┌─ Recorded information
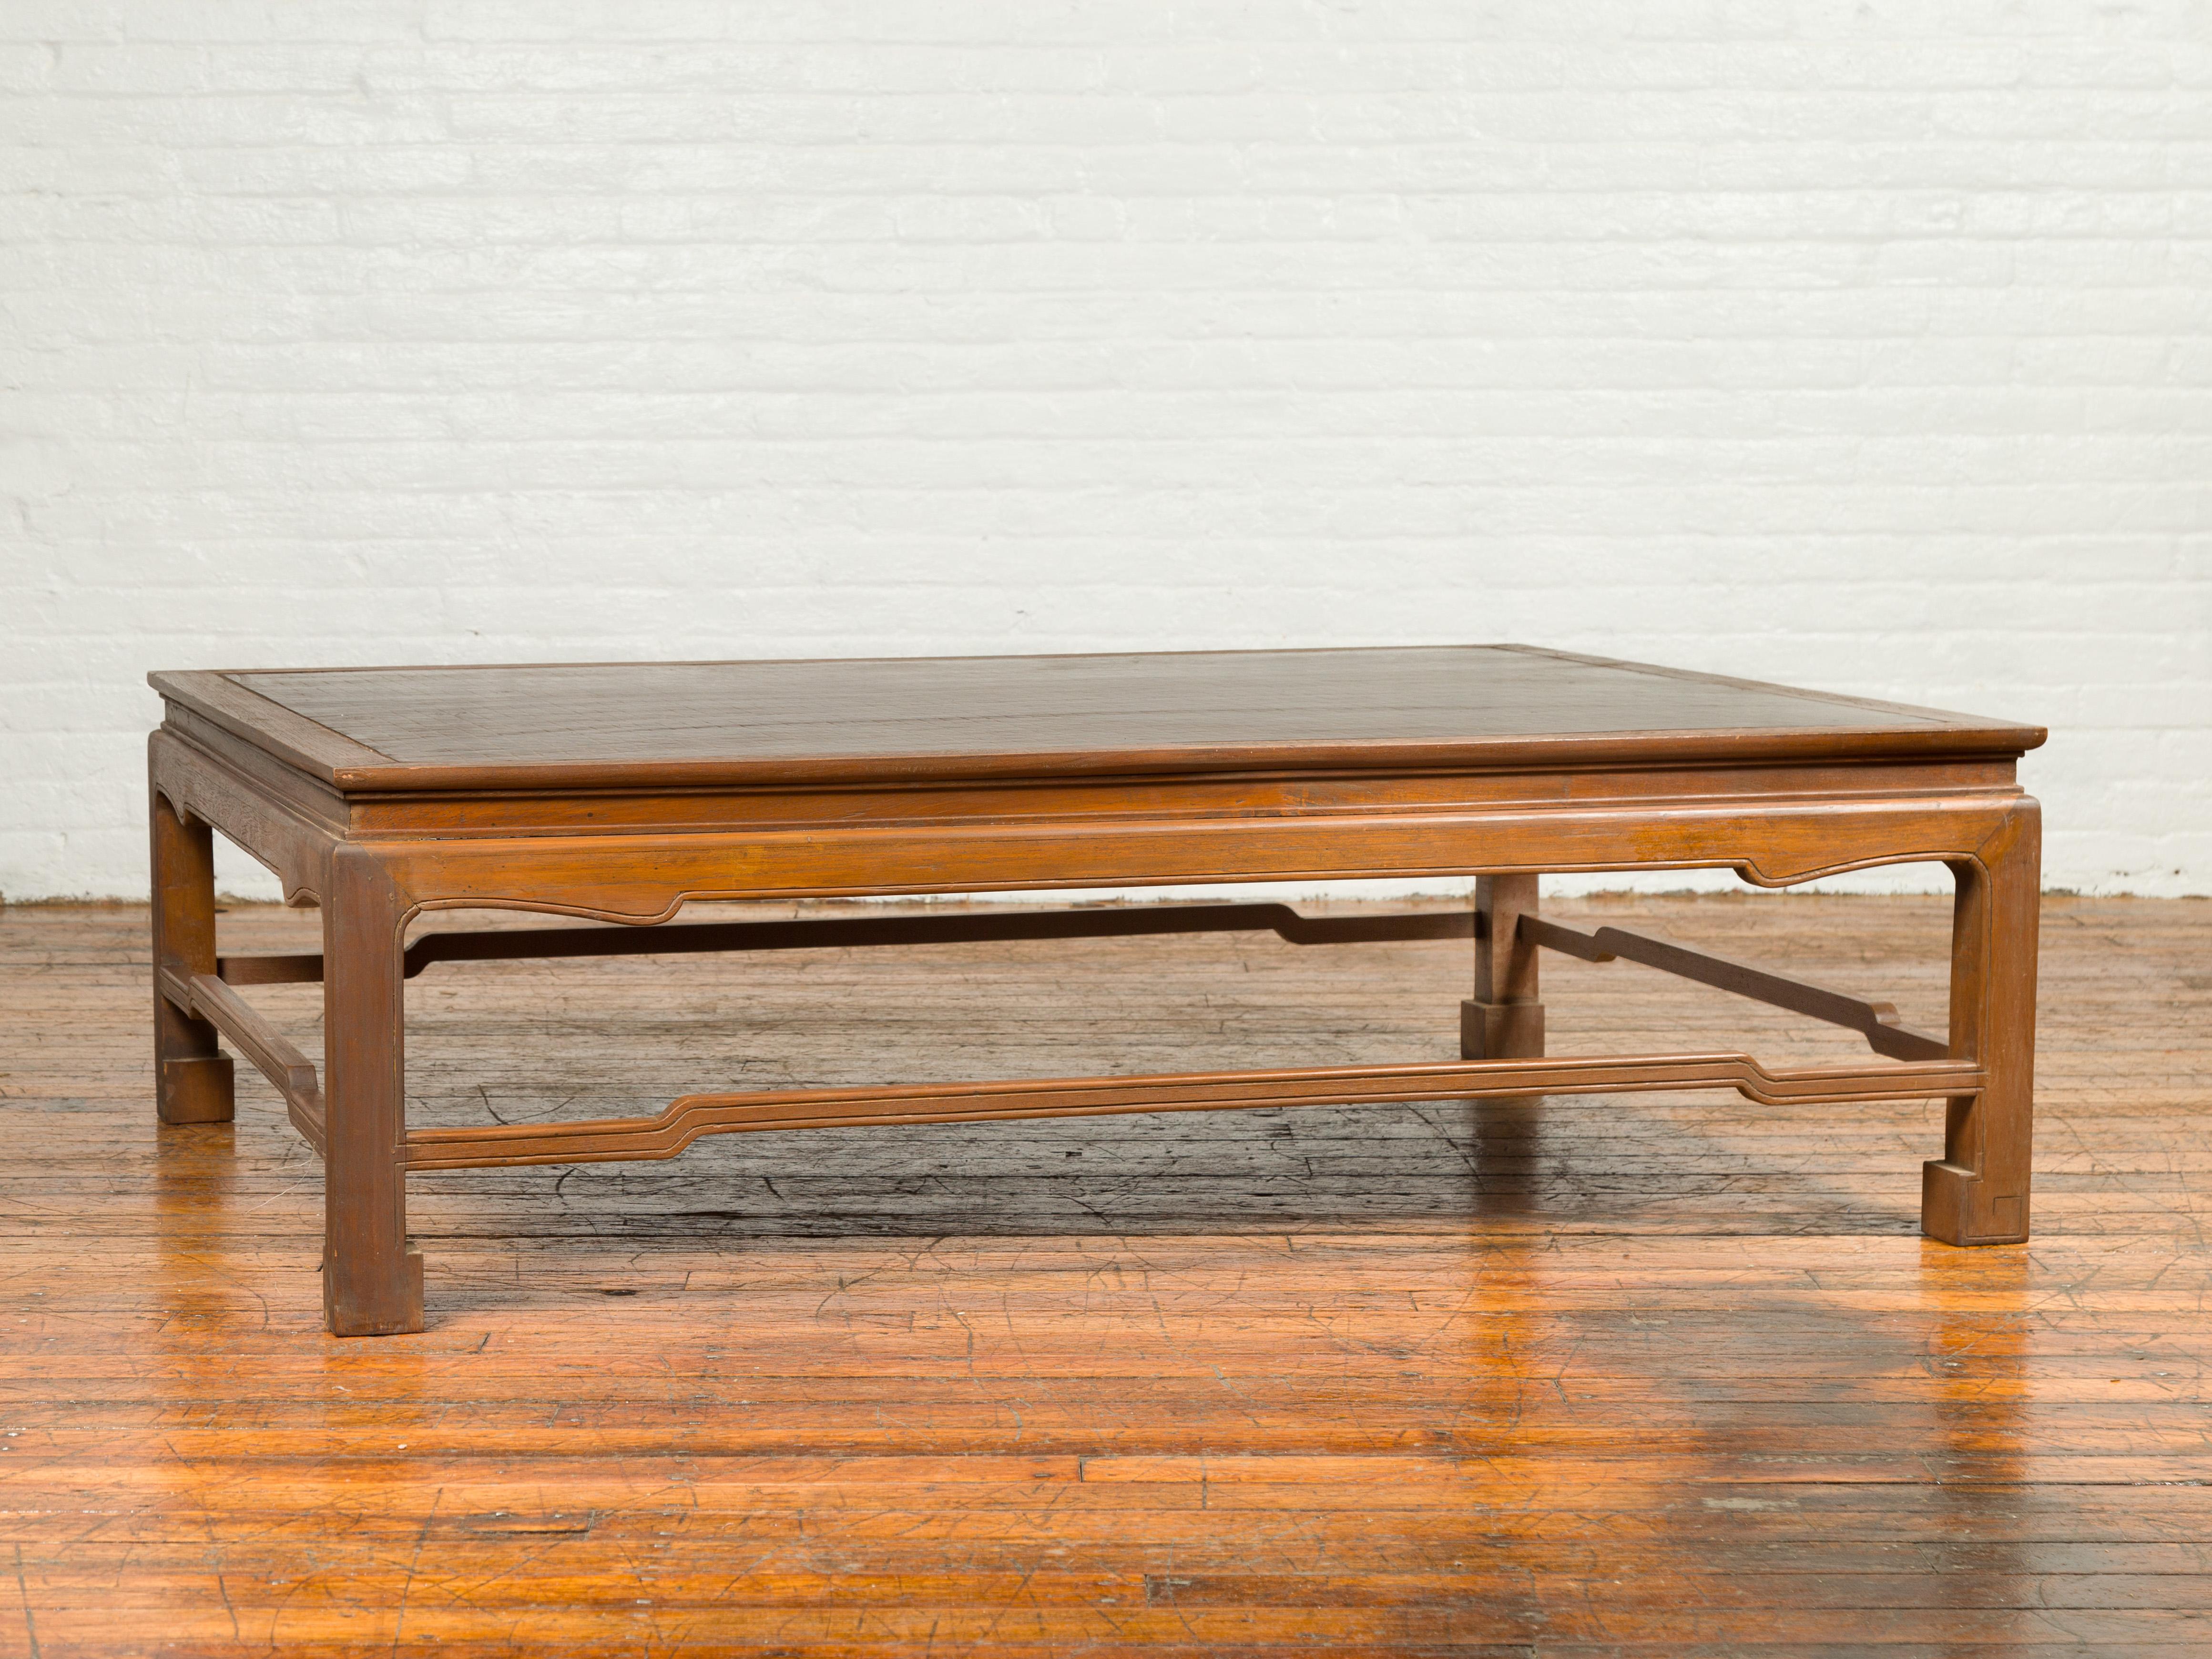 Vintage Burmese Long Coffee Table with Negora Lacquer and Humpback Stretchers 5
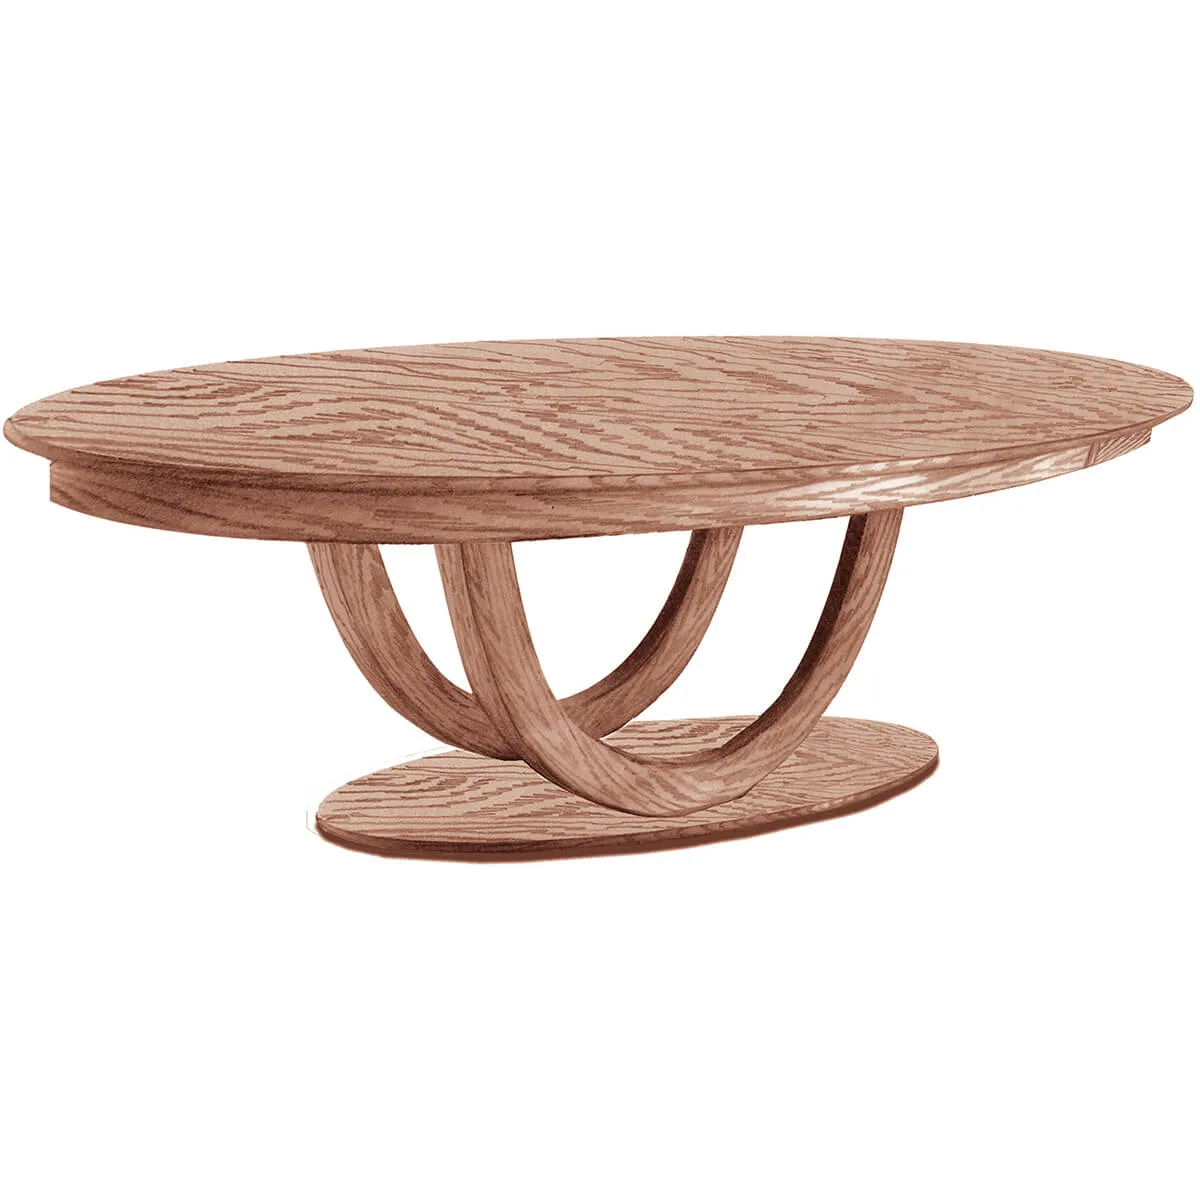 Woodville Oval Dining Table
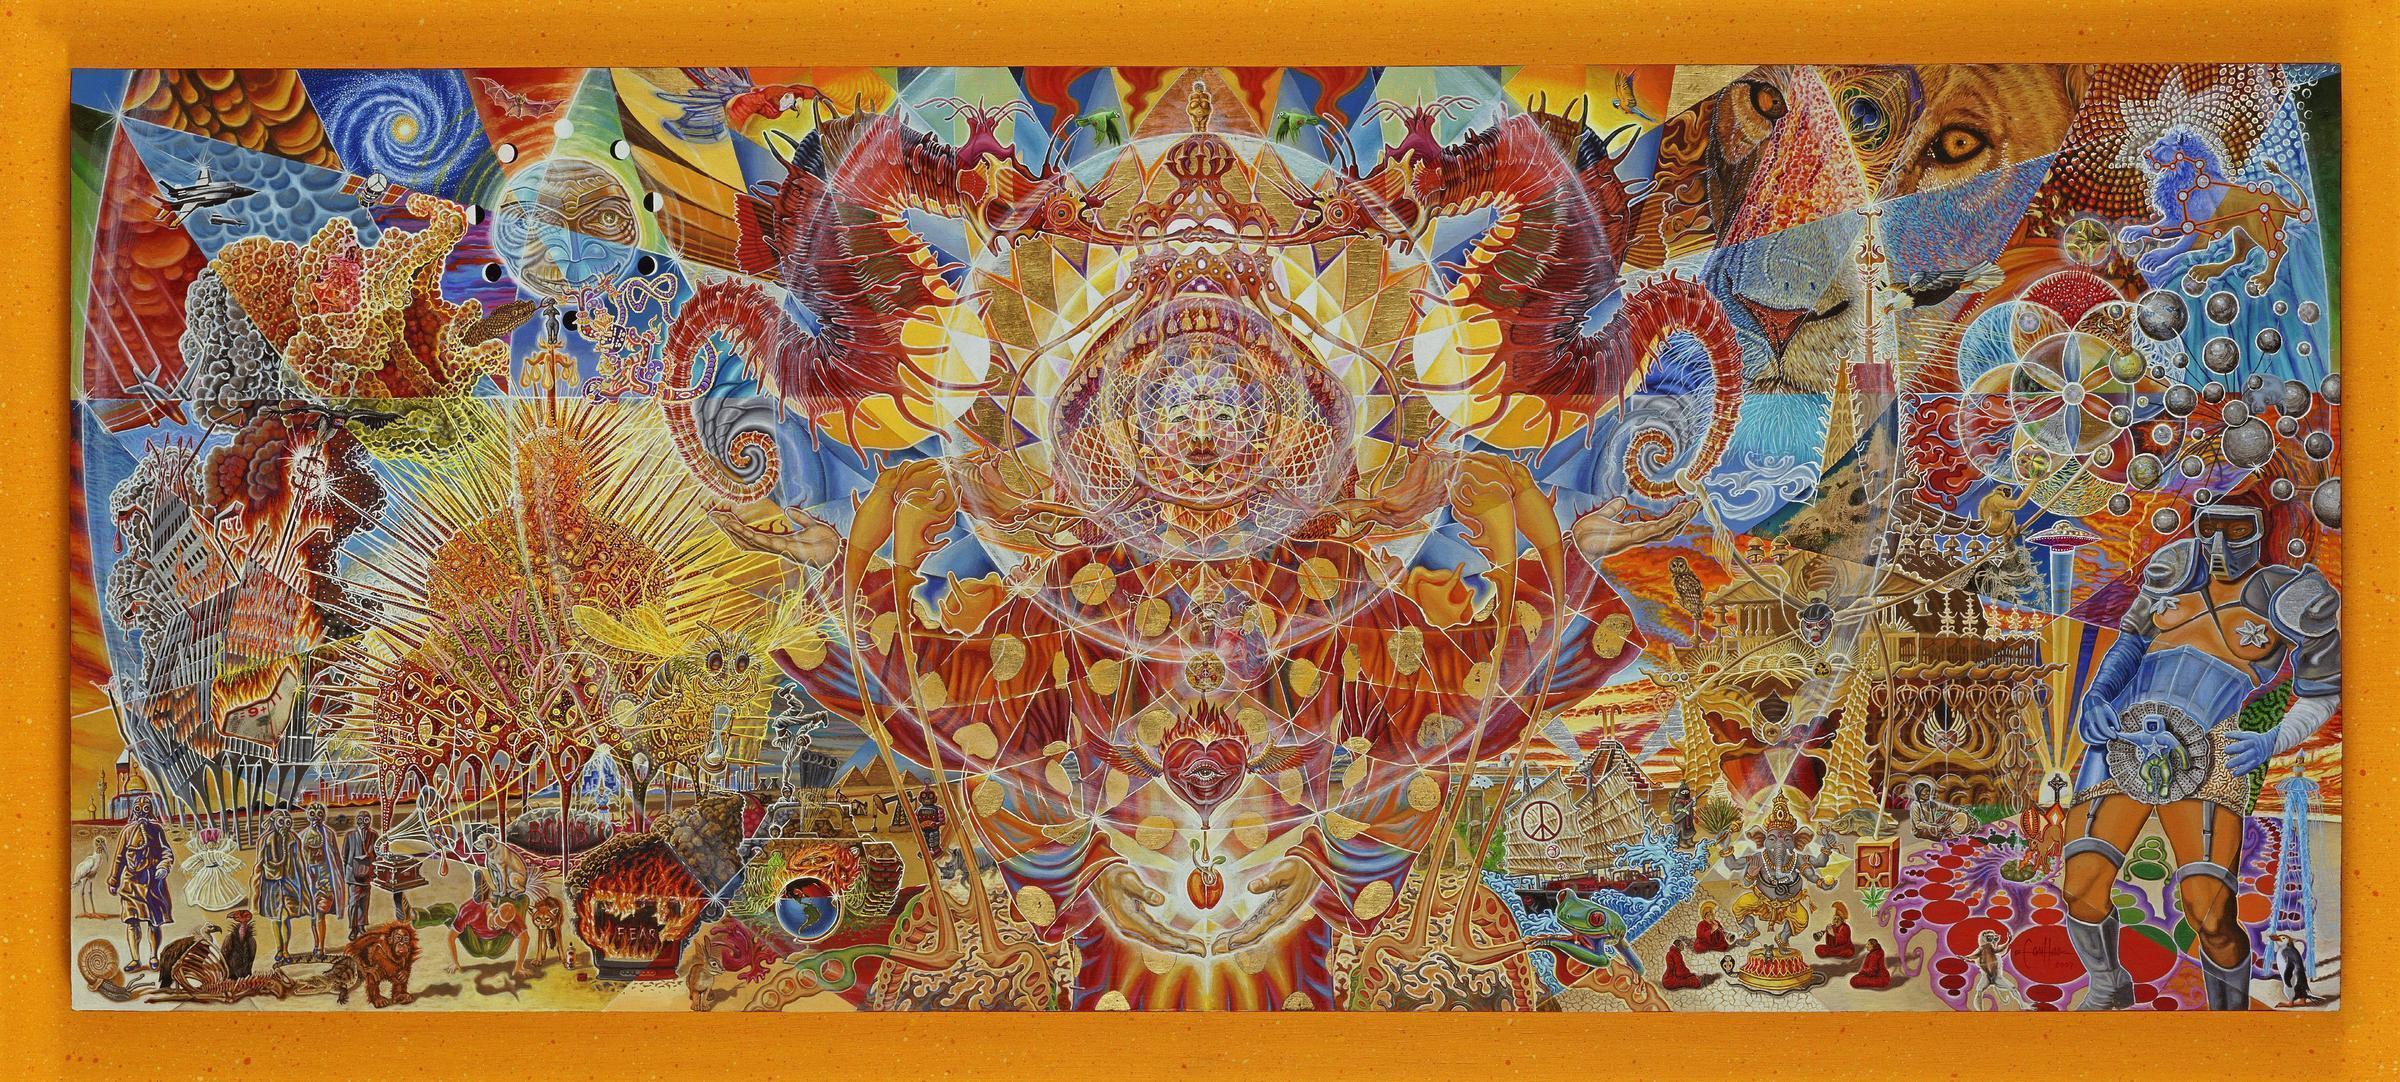 Found this searching DMT Art [pic]
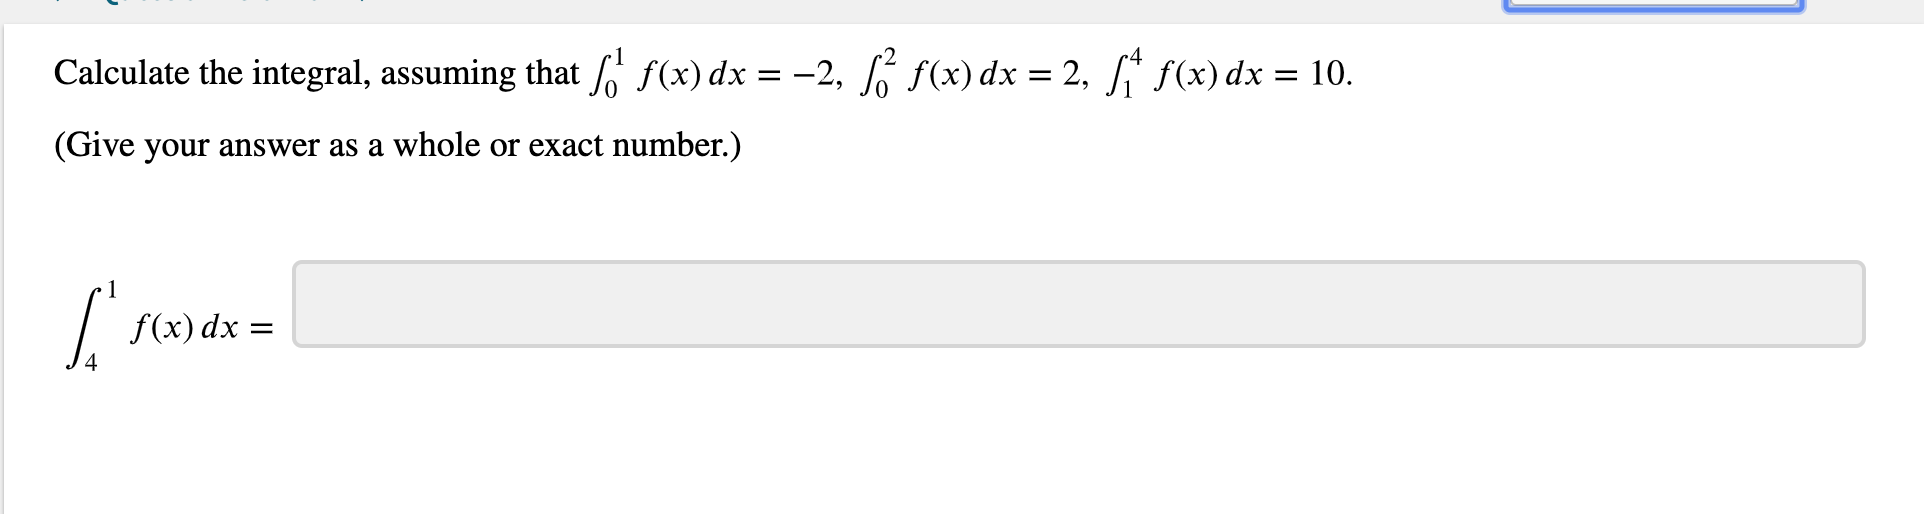 f(x) dx 2, f(x)dx 10.
Calculate the integral, assuming that
f(x)dx=
-2,
(Give your answer as a whole or exact number.)
f(x) dx
└─
Instructions for the task: Give back every line of the material exactly as written, but not the pictures.

Answer space:
 Vintage Burmese Long Coffee Table with Negora Lacquer and Humpback Stretchers 5
 Woodville Oval Dining Table
 Found this searching DMT Art [pic]
 f(x) dx 2, f(x)dx 10.
Calculate the integral, assuming that
f(x)dx=
-2,
(Give your answer as a whole or exact number.)
f(x) dx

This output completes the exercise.